**Task data**:
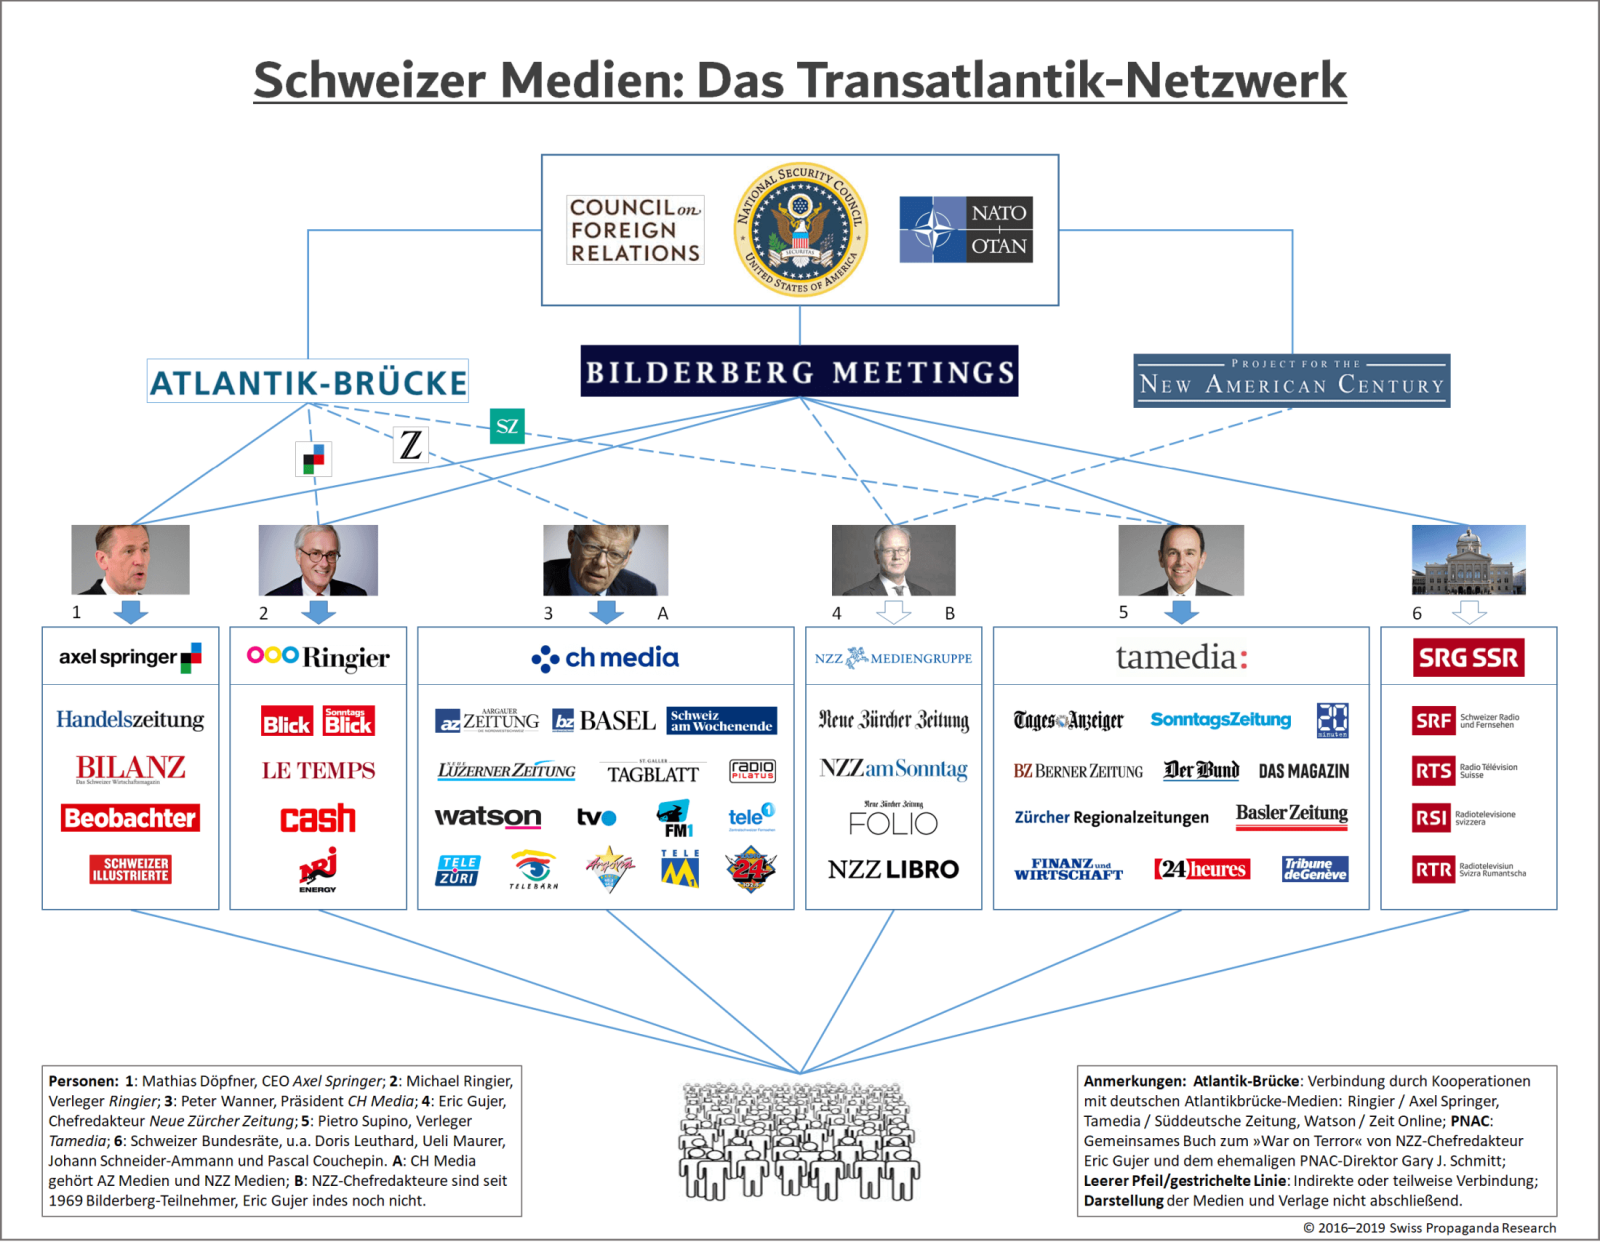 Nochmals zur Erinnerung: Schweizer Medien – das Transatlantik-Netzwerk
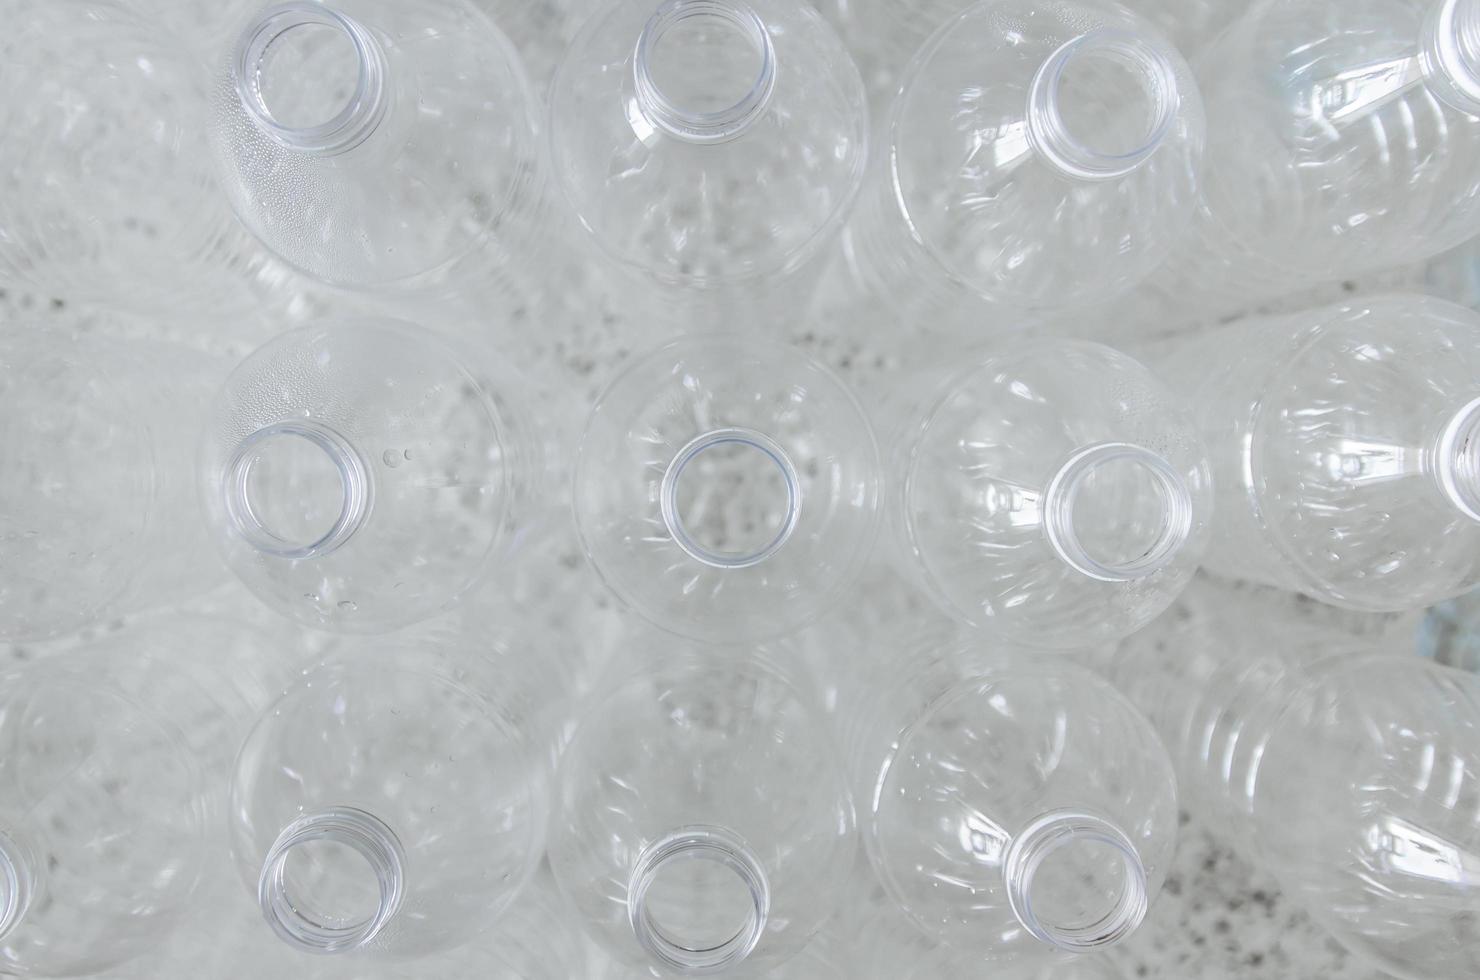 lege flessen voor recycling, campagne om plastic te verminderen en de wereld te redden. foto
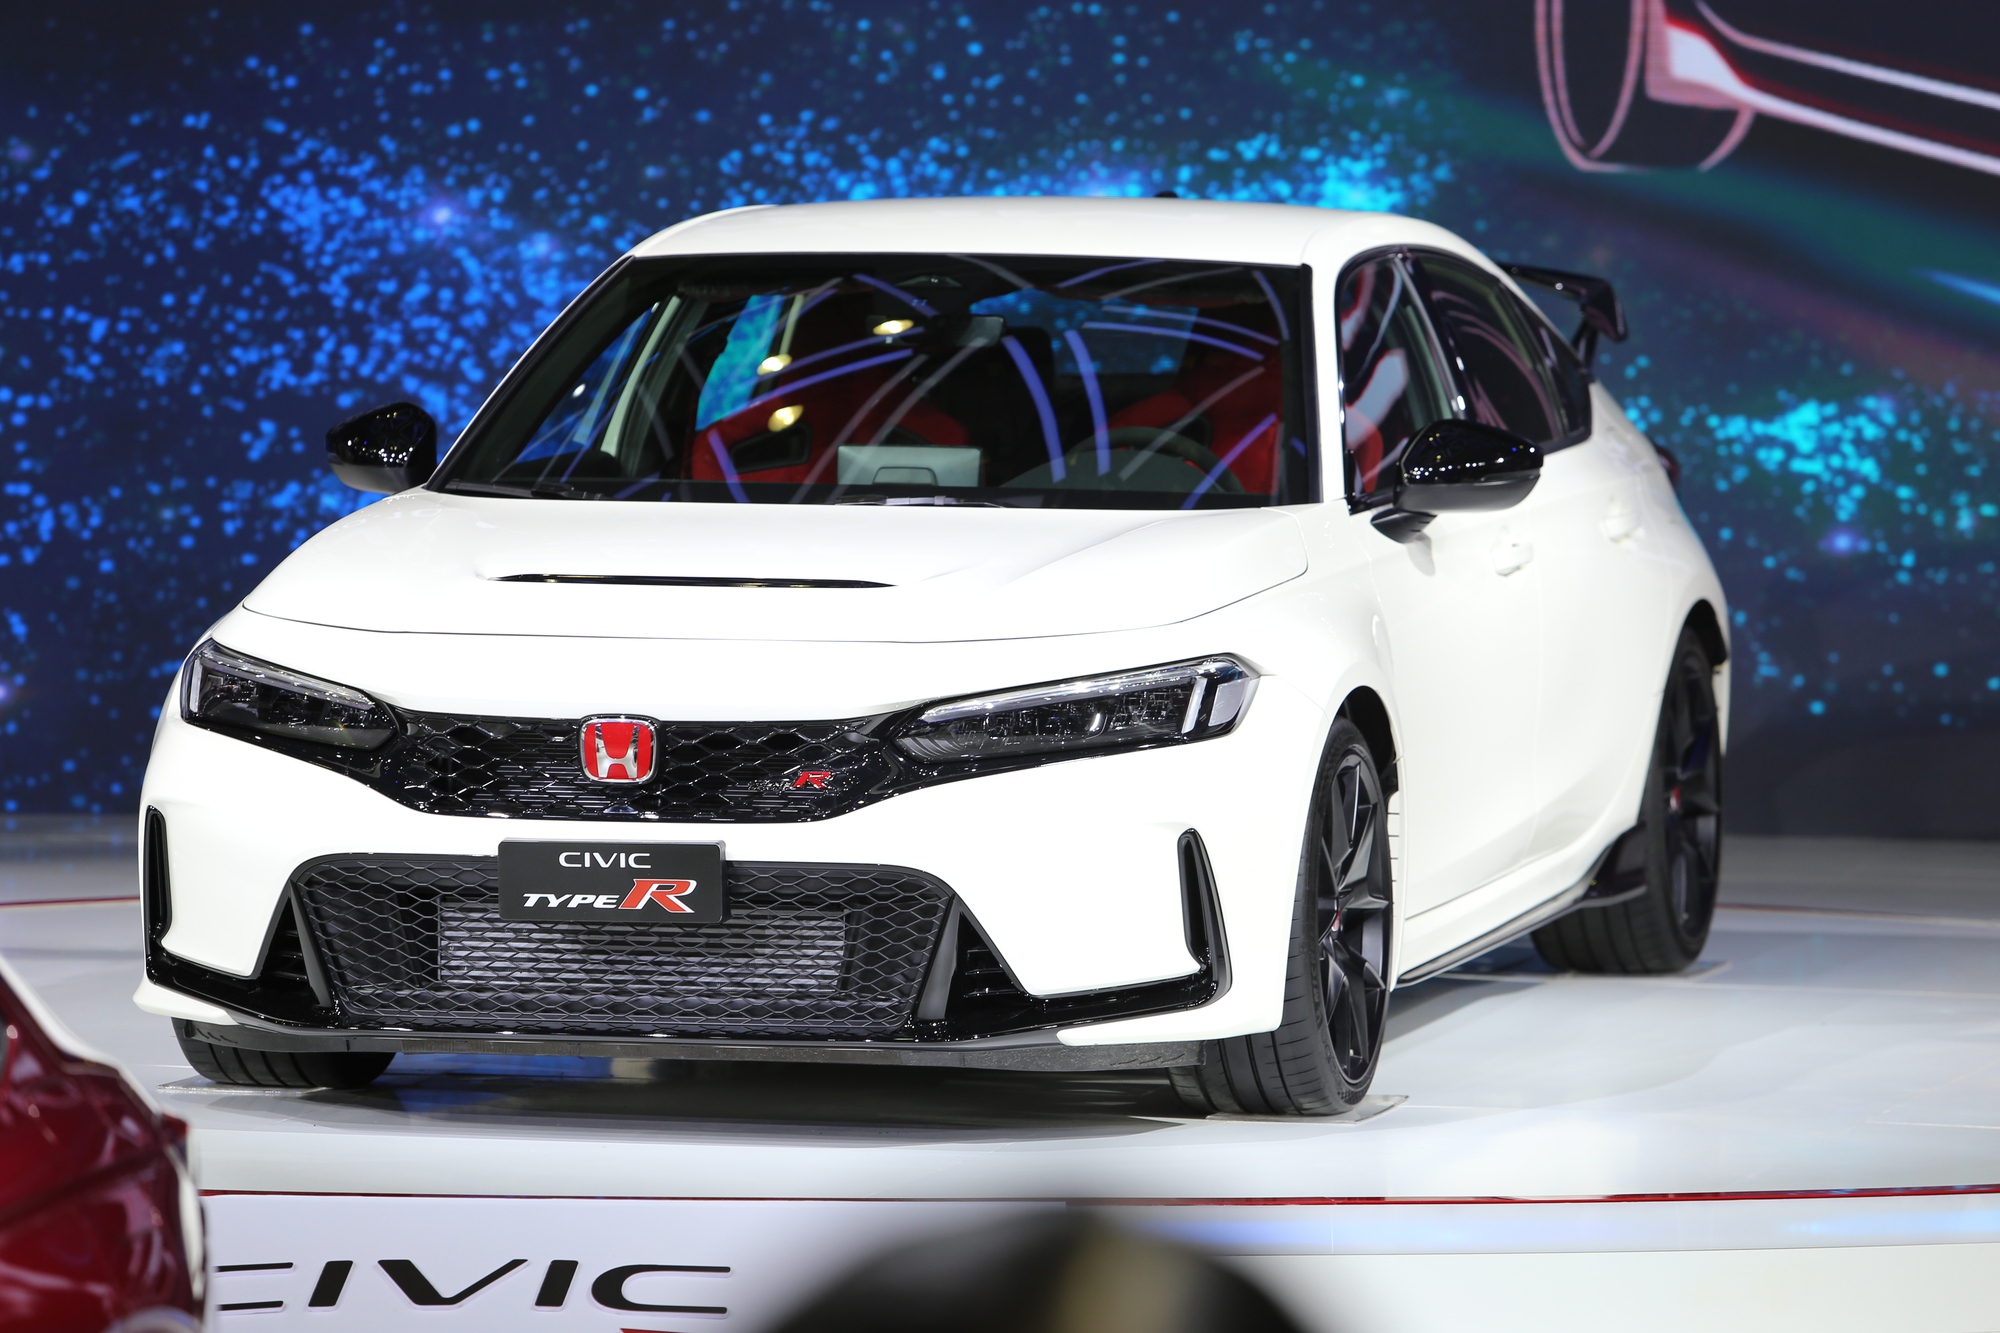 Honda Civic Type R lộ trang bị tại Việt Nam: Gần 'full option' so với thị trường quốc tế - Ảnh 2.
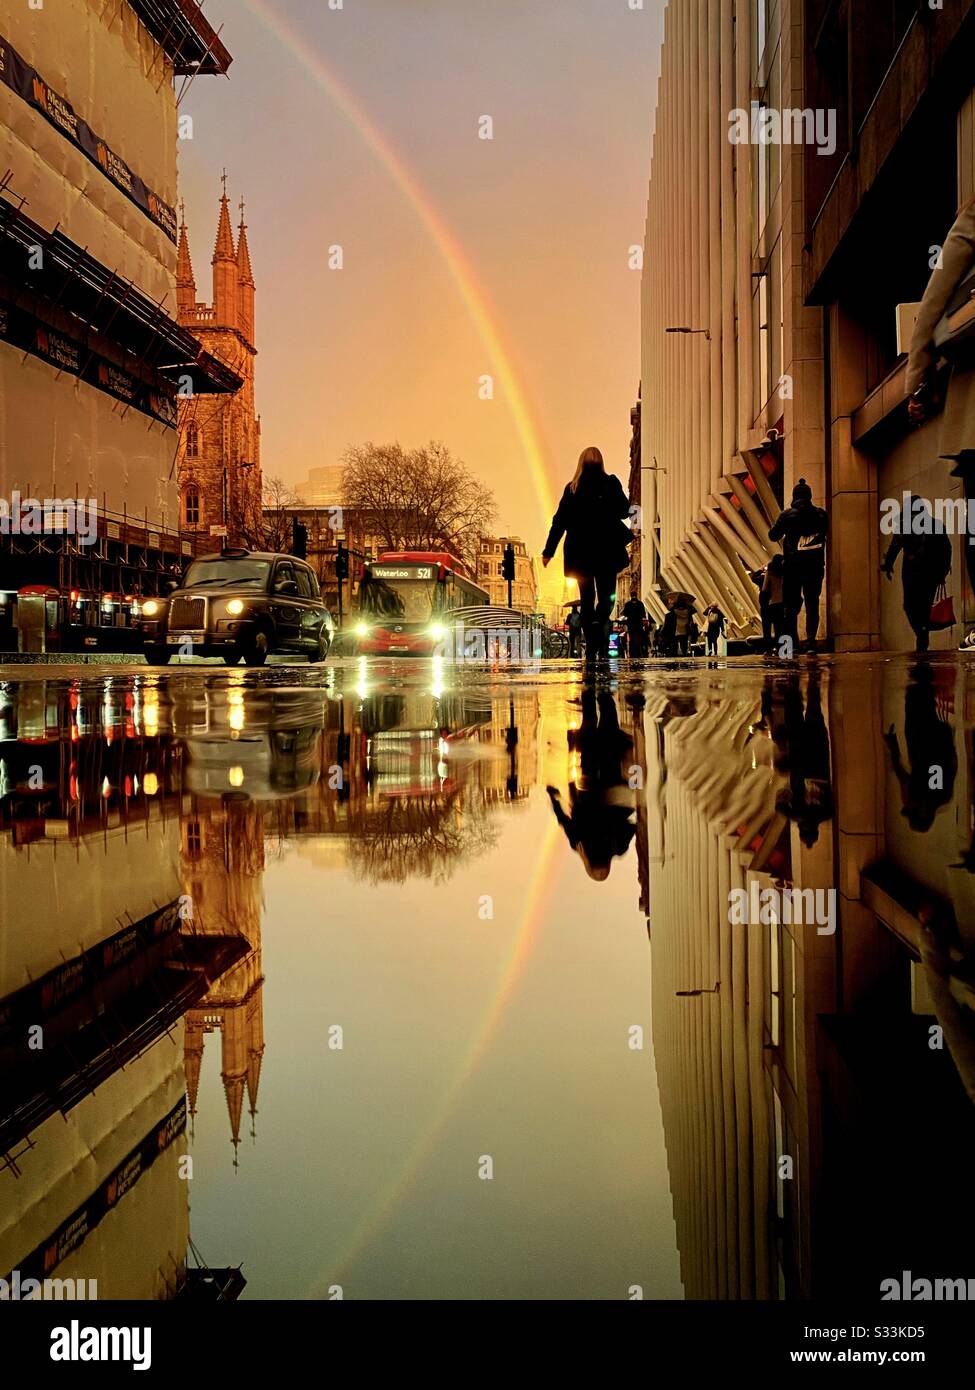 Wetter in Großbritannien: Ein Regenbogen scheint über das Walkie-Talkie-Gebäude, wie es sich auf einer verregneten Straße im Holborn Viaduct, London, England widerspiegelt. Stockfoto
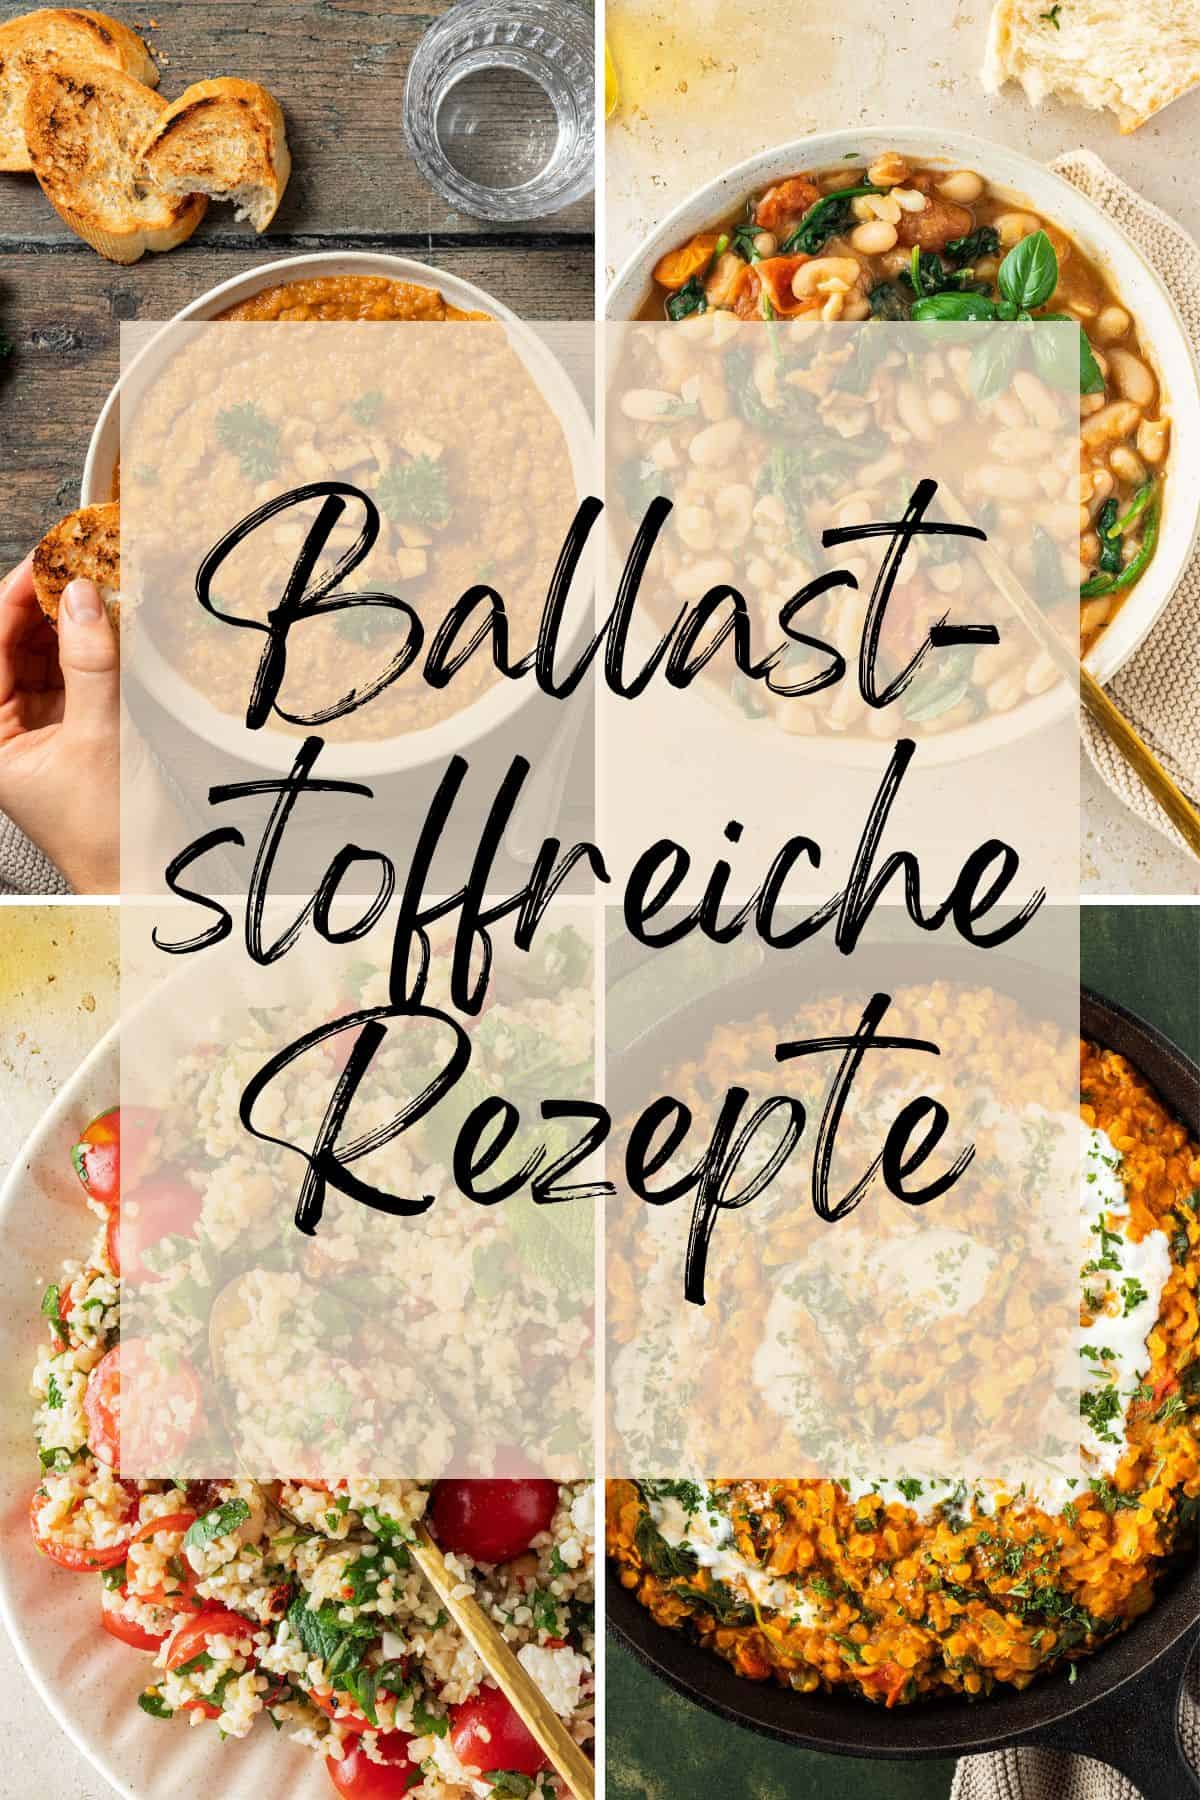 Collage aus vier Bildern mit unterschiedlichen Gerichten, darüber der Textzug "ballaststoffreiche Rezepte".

**What the task requires**: Leave out the pictures, and retype exactly the lines from the one containing "Wetter in Großbritannien: Ein" through the final line of the data.

**Final answer**:
 Wetter in Großbritannien: Ein Regenbogen scheint über das Walkie-Talkie-Gebäude, wie es sich auf einer verregneten Straße im Holborn Viaduct, London, England widerspiegelt. Stockfoto
 Collage aus vier Bildern mit unterschiedlichen Gerichten, darüber der Textzug "ballaststoffreiche Rezepte".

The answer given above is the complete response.